To examine the performance of TSPmap with experimentally generated marker data, we created maps using previously published marker data from RIL populations of Arabidopsis thaliana [26] and rice [27]. Although the true solution cannot be known for such experimental datasets, we observe that the TSPmap linkage map solution generally matched that of JoinMap (Additional file 4: Figure S2). Given the results of our analyses with simulated datasets, those differences between the TSPmap and JoinMap solutions that are observed (ie. Additional file 4: Figure S2d) may reflect TSPmap’s greater accuracy when creating maps from larger datasets containing higher levels of missing and erroneous data, as is often encountered in experimental data.

Conclusions

Genotyping by sequencing is now the preferred method to genotype mapping populations. However, tools to process and order these error prone and incomplete datasets remain undeveloped. Here we confirm that current widely used genetic mapping software does not produce sufficiently accurate genetic maps from datasets of the size generated by NGS. We offer a solution through an implementation of the Travelling Salesperson Problem for generation of genetic maps, TSPmap, which produces low-error maps even with large datasets and high rates of missing and erroneous marker calls. When compared to other benchmark methods of linkage mapping, JoinMap and MSTmap, TSPmap was faster (Table 2) and far more accurate (Table 1, Fig. 5). Additionally, TSPmap proved robust for analysis of large marker datasets, performing well even with 10,000 markers (Table 2). We acknowledge that the performance of JoinMap to generate linkage maps in the simulations we present here may be improved by fine-tuning its algorithm parameters; however, JoinMap’s long run-times are prohibitive to such exploratory analyses. We also find that TSPmap can create accurate linkage maps from simulated marker datasets representing F2, backcross, and 4-way mapping populations (Additional file 3: Figure S1), and with experimental marker data (Additional file 4: Figure S2).

Discussion

In addition to handling large marker datasets efficiently and effectively, TSPmap is open source software, increasing its accessibility and flexibility. As a package written in the statistical language R, it is freely available online and users can tailor it to their specific needs. Included with the package is a vignette that will guide users through the functions and workflow of TSPmap.

TSPmap requires that users indicate the number of expected linkage groups, so it is valuable to know the chromosome count of the species being studied. It would be possible to carefully explore a set of possible k values and choose the best fit to the data, in the case that an approximate chromosome number is unknown, but TSPmap is highly biased toward the prior, the user-specified number of linkage groups.
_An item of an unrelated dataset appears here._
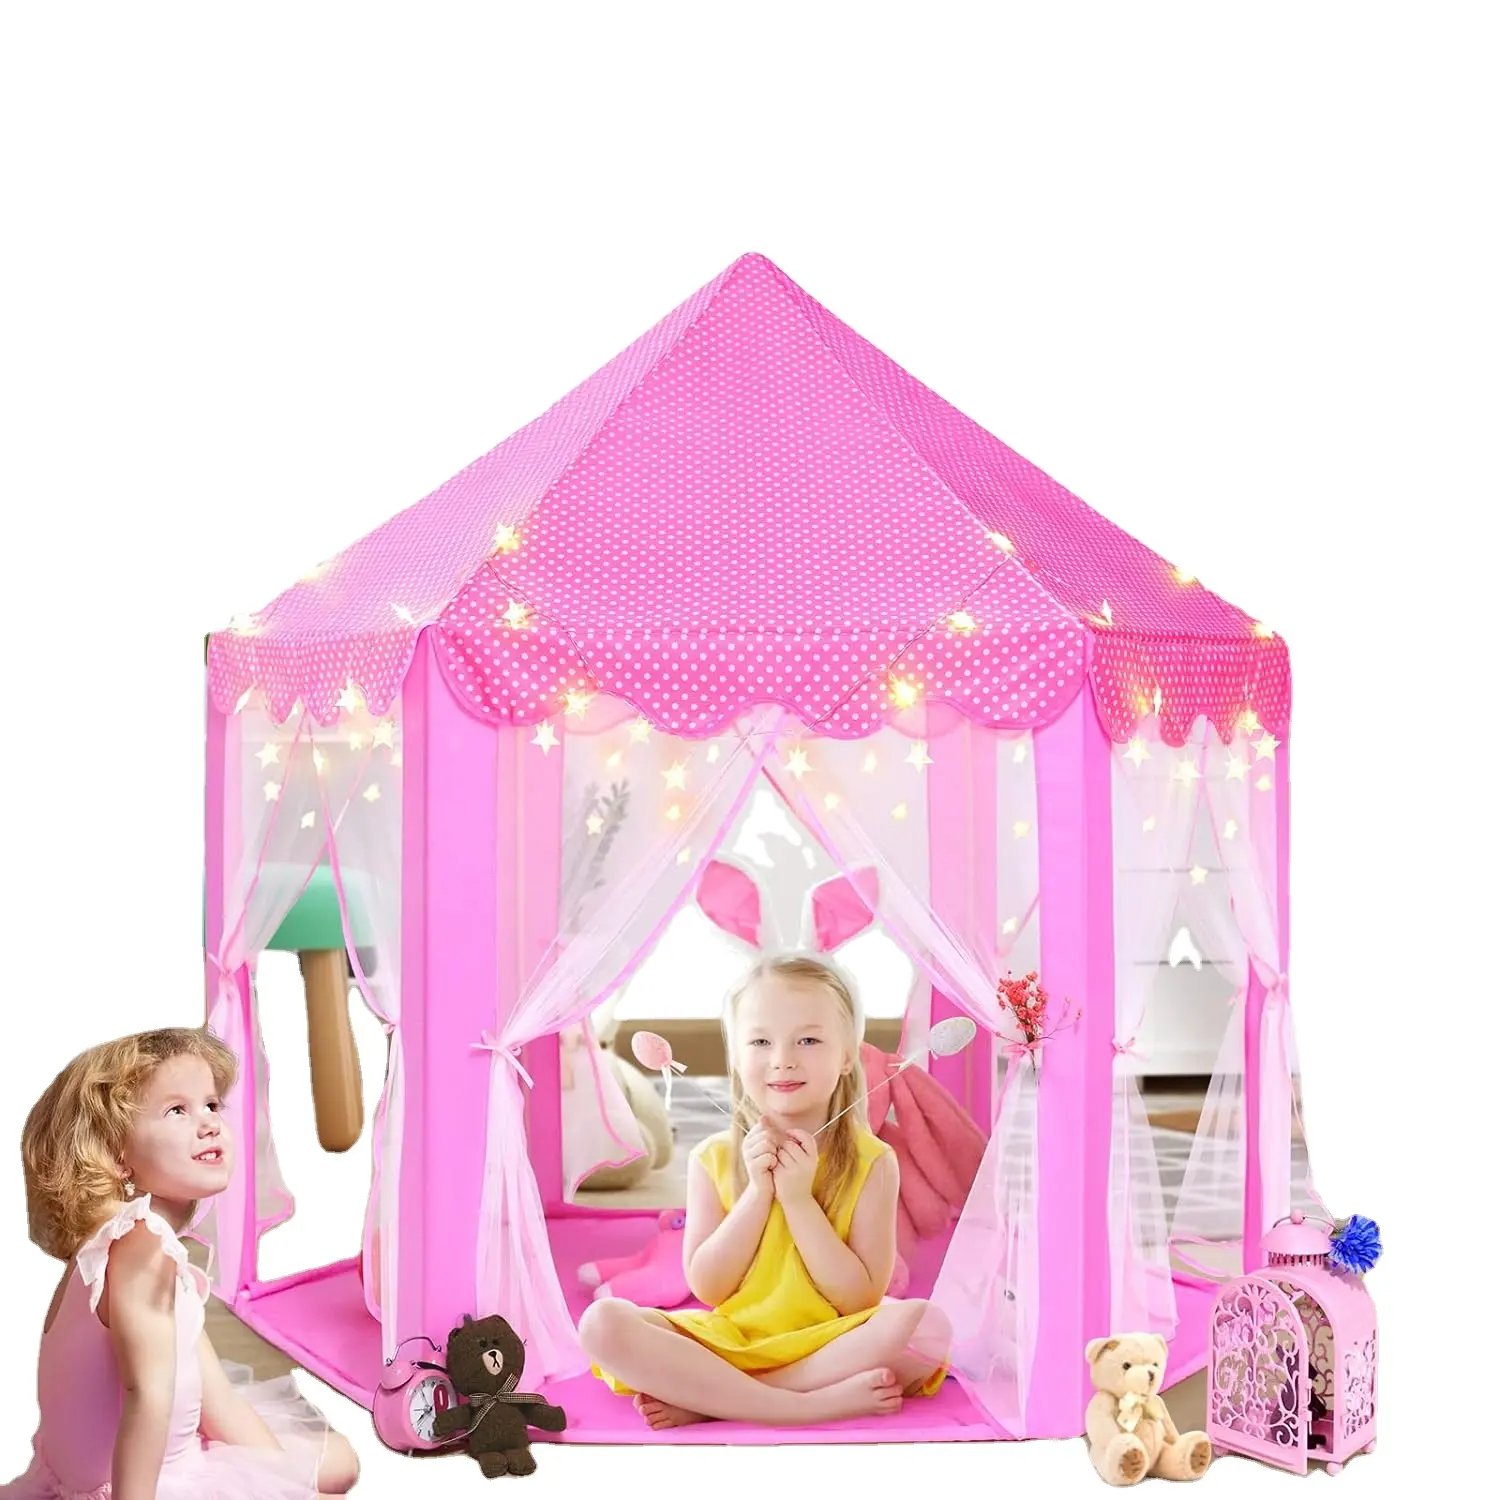 Prenses çadır kızlar büyük Playhouse çocuklar kale oyun çadırı yıldız ışıkları oyuncak çocuklar için kapalı ve açık oyunlar

While we expect that chromosome number will be known for most species in which linkage maps would be created, we note that TSPmap may calculate an erroneous number of linkage groups if used with a species of unknown chromosome count.

Since TSPmap operates on a recombination fraction matrix, our approach is potentially extendable to any mapping population in which recombination fractions can be calculated, including inbred and outbred breeding designs that are genotyped by either codominant or dominant markers. However, since our simulations have been conducted in R/qtl we limit our inference here to inbred-parent breeding designs supported by that environment, including: recombinant inbred, F 2 , backcross, and intercrossed 4-way phase known populations.

Genetic linkage maps have evolved from calculating linkage disequilibrium between a handful of phenotypic markers [28] to datasets of containing tens of thousands of genomic polymorphisms. With the advancement of low cost sequencing technologies, the number of markers used in the generation of genetic maps is expected to continue to rise. TSPmap will be a powerful tool to handle such large datasets into the future, quickly producing high quality maps using a large number of genomic markers.

Additional files

Additional file 1: (2.6KB, r)

Example script for generating linkage maps with TSPmap. (R 2 kb)

Additional file 2: (593.6KB, txt)

Example parameters for generating linkage maps with MSTmap. (TXT 593 kb)

Additional file 3: Figure S1. (40.6KB, docx)

Performance of TSPmap with simulated datasets of different types of mapping populations (4way – four-way cross, bc – backcross, f2 – F2 population, riself – recombinant inbred lines), marker number (100, 400, 1000), proportions of missing data (0, 0.001, 0.01) and genotyping error rates (0, 0.001, 0.01). The accuracy of the TSPmap solution was measured by the correlation coefficient between the true marker order and marker order generated by TSPmap for each simulated dataset. Note the scale of the y-axis is 0.99935–1.000. (DOCX 40 kb)

Additional file 4: Figure S2. (213.6KB, docx)

Linkage maps generated by TSPmap using marker datasets from A. Arabidopsis thaliana [26] and B. & C. rice [27] compared to those generated by JoinMap. (DOCX 213 kb)

Acknowledgements

Not applicable

Funding

This research was funded with support from Office of Science, Office of Biological and Environmental Research of the U.S. Department of Energy (DOE-BER) under Contract Nos. DE-FG028ER64629 and SC0012459, and NSF Grant DEB-1556262 to JKM, and USDA-NIFA National Needs Graduate Fellowship Program, Award no. 2014–38420-21801 to JGM.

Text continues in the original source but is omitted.